I can't roll back the clock. But I can tell you that I think Android is far too dangerous to allow anywhere near your vital corporate data. Then, it’s up to you to decide what you should do.

Remember when Windows used to be the number-one target for malware writers? That day is long over. On the PC, hackers have moved on to lower-hanging fruit, which mostly consists of popular applications such as Adobe Reader and Flash. But hackers are also investigating mobile devices. And no mobile platform is more popular or less secure than Android. According to smartphone security firm Lookout, Android malware is skyrocketing, and attackers are taking control of phones and users' personal data, including financial data. Malware is easy to deploy via Android for a number of reasons, but one of the biggest gaffes, I think, is the open nature of the platform, which makes it easier for users to install apps from untrusted sources. On curated platforms such as iPhone or Windows Phone, this can't happen unless the user explicitly jailbreaks the device.

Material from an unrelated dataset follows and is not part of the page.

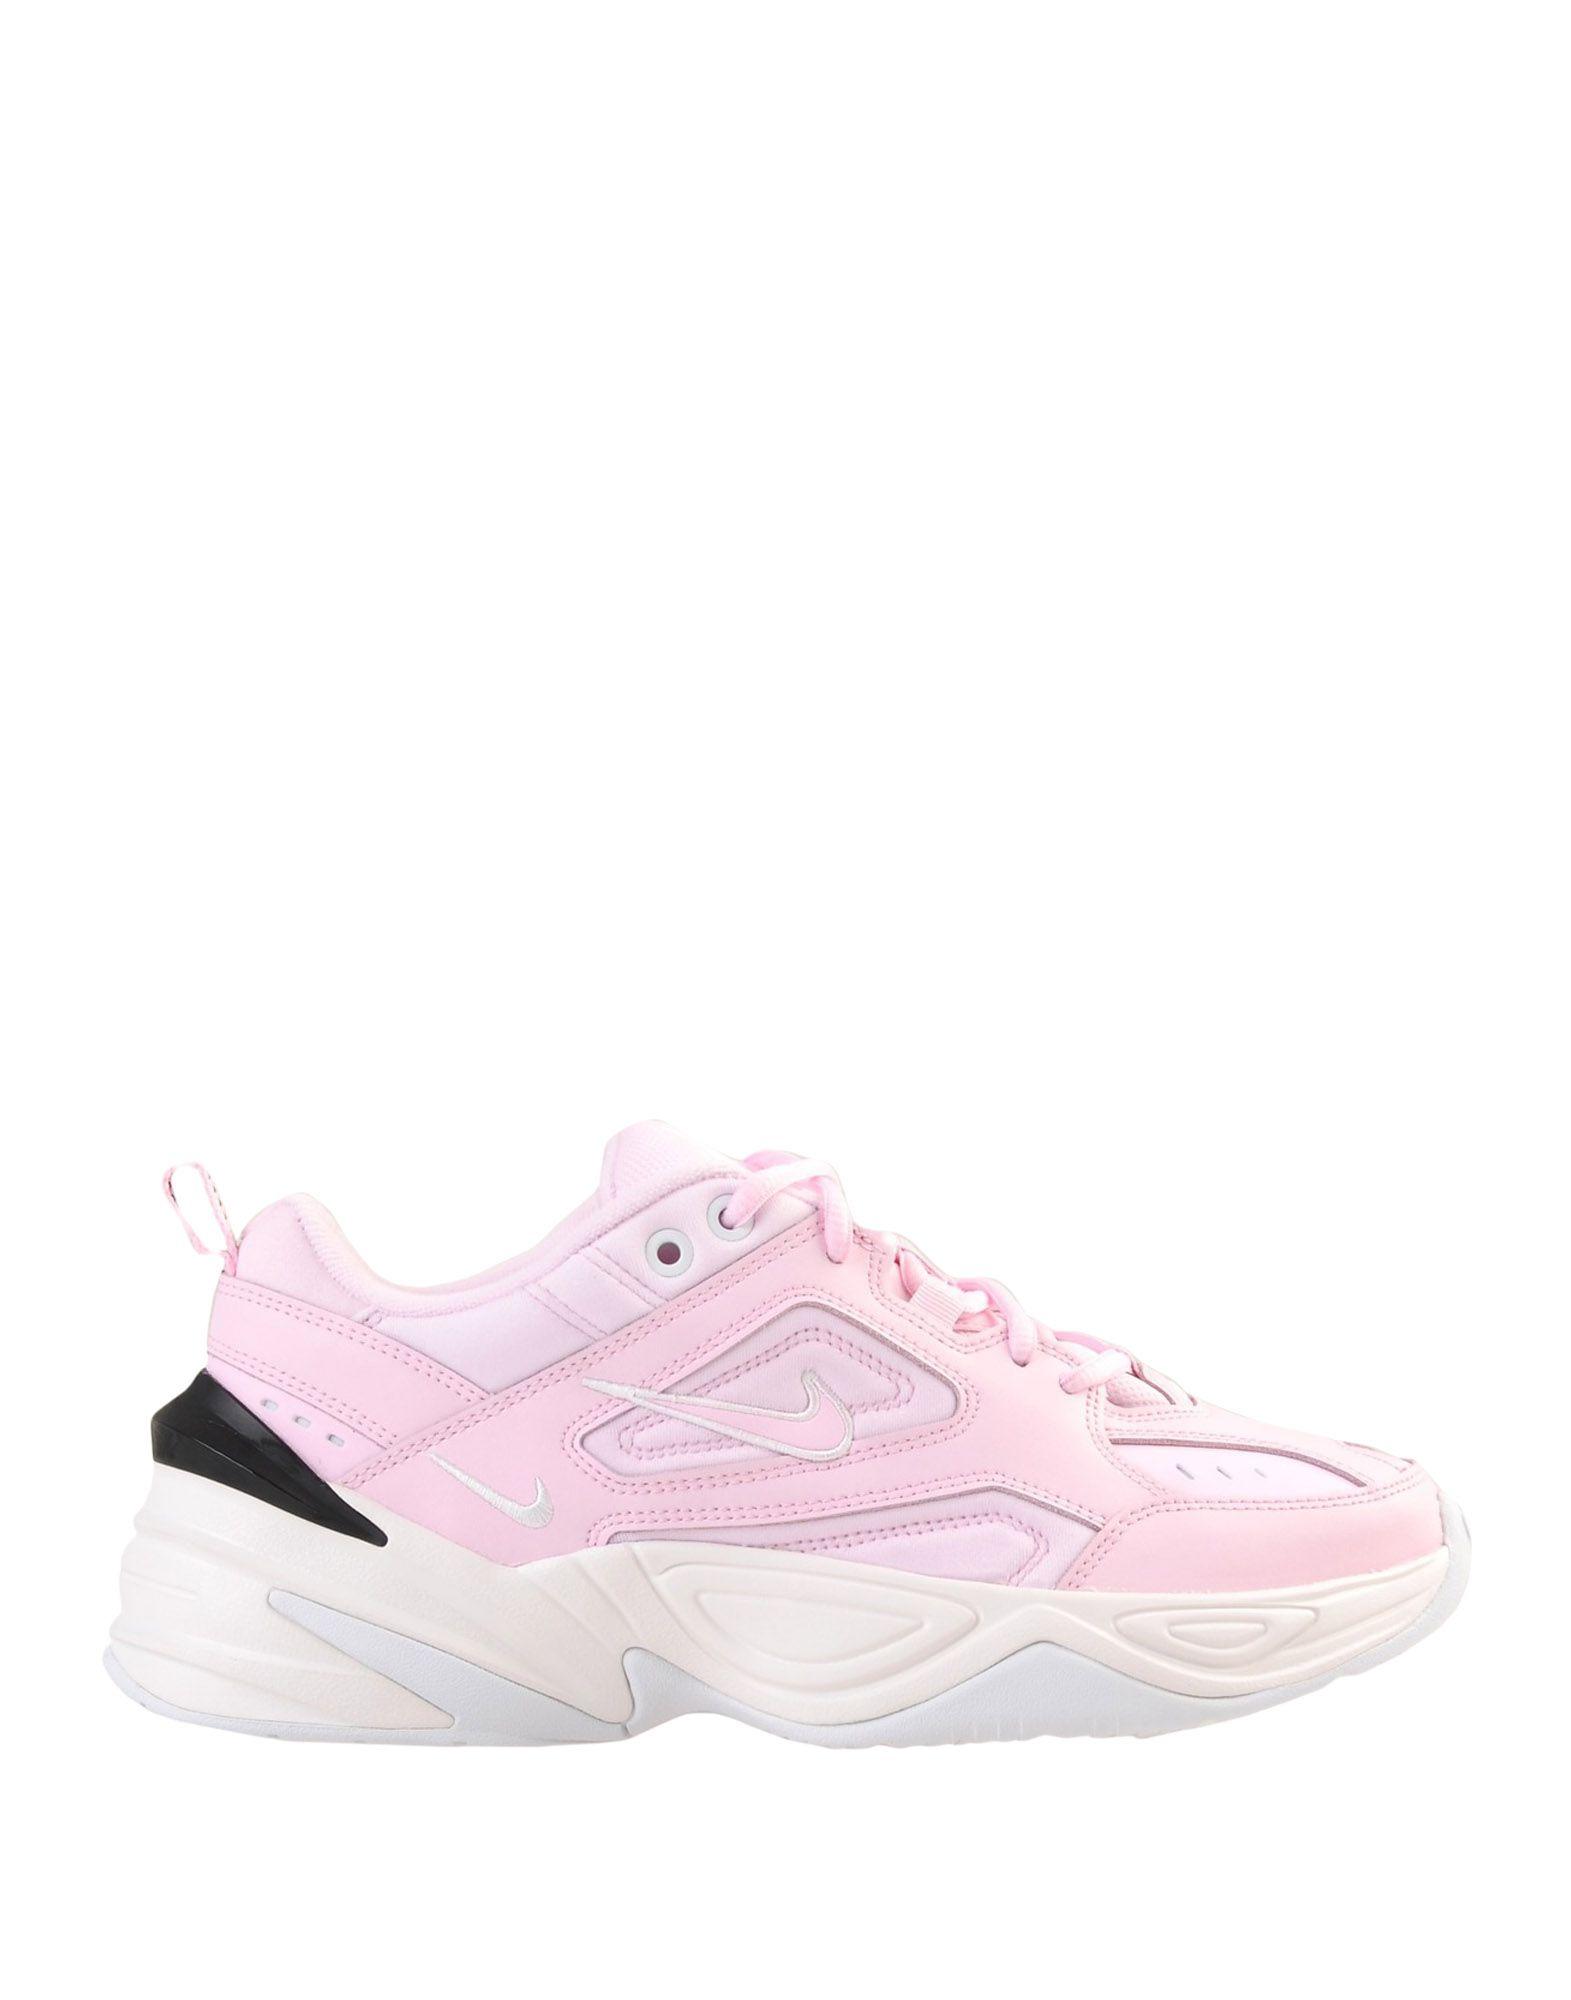 Nike M2k Tekno - Sneakers - Women Nike Sneakers online - on  United Kingdom - online 11565803OV d8af03

But it's not just that. Platforms such as iOS (iPhone) and Windows Phone OS implement sandboxing techniques to ensure that individual applications are isolated from each other and from the host OS. On Android, apps present the user with a list of required permissions when installed. These permissions provide the apps with access to vital on-device data stores. Expecting users to make an educated decision every single time they install a mobile app is a bit of a stretch. It's like asking them if they'd like to turn off User Account Control (UAC) for particular Windows apps. You know they'd always make the wrong decision.

In the good old days, when you chose a platform vendor, you chose a company you trusted—IBM, Microsoft, VMware, whatever—because you had a history with that company or you knew others who did. But who exactly owns the Android OS that's on your devices? The OS is given away for free, to anyone who wants it, and it can be modified in any number of ways before reaching users via any number of devices. Each of these Android installations uses a different OS version and thus has different capabilities and, just as important, different known vulnerabilities.

We call this issue fragmentation—as if simply naming a problem solves it. But there are very serious issues caused by fragmentation, and it's never clear with any particular device when or even if it will ever be updated to some future OS version. That fact that Google has forked Android even more for smartphone and table-specific Android versions only further complicates matters.

As I've noted elsewhere, Google doesn't care about any of this, and it benefits from the confusion and mess because it can attract far more licensees (the OS is free, after all), which will make far more devices, and sell them via far more wireless carriers. Consumers, not knowing any better, see their 2-year wireless plan about to expire, head to the wireless store (or website) and research the current "best" phone available. And because these things are shipping literally almost every week, that phone is almost always some Android device. (The exception, perhaps, occurs during the month of any Apple product rollout.) Thus, you can see the genius of Google's evil plan in motion.

I'm not going to tell you not to deploy Android in your business. But I am going to recommend that you think about this issue more carefully, consider using Exchange ActiveSync (EAS) policies to lock down these devices as much as possible, and—yes—look at other options, such as the iPhone, iPad, or Windows Phone, any one of which I prefer over Android. The more I look at Google and Android, the less I like what I see. I suspect that will be the case for many of you as well.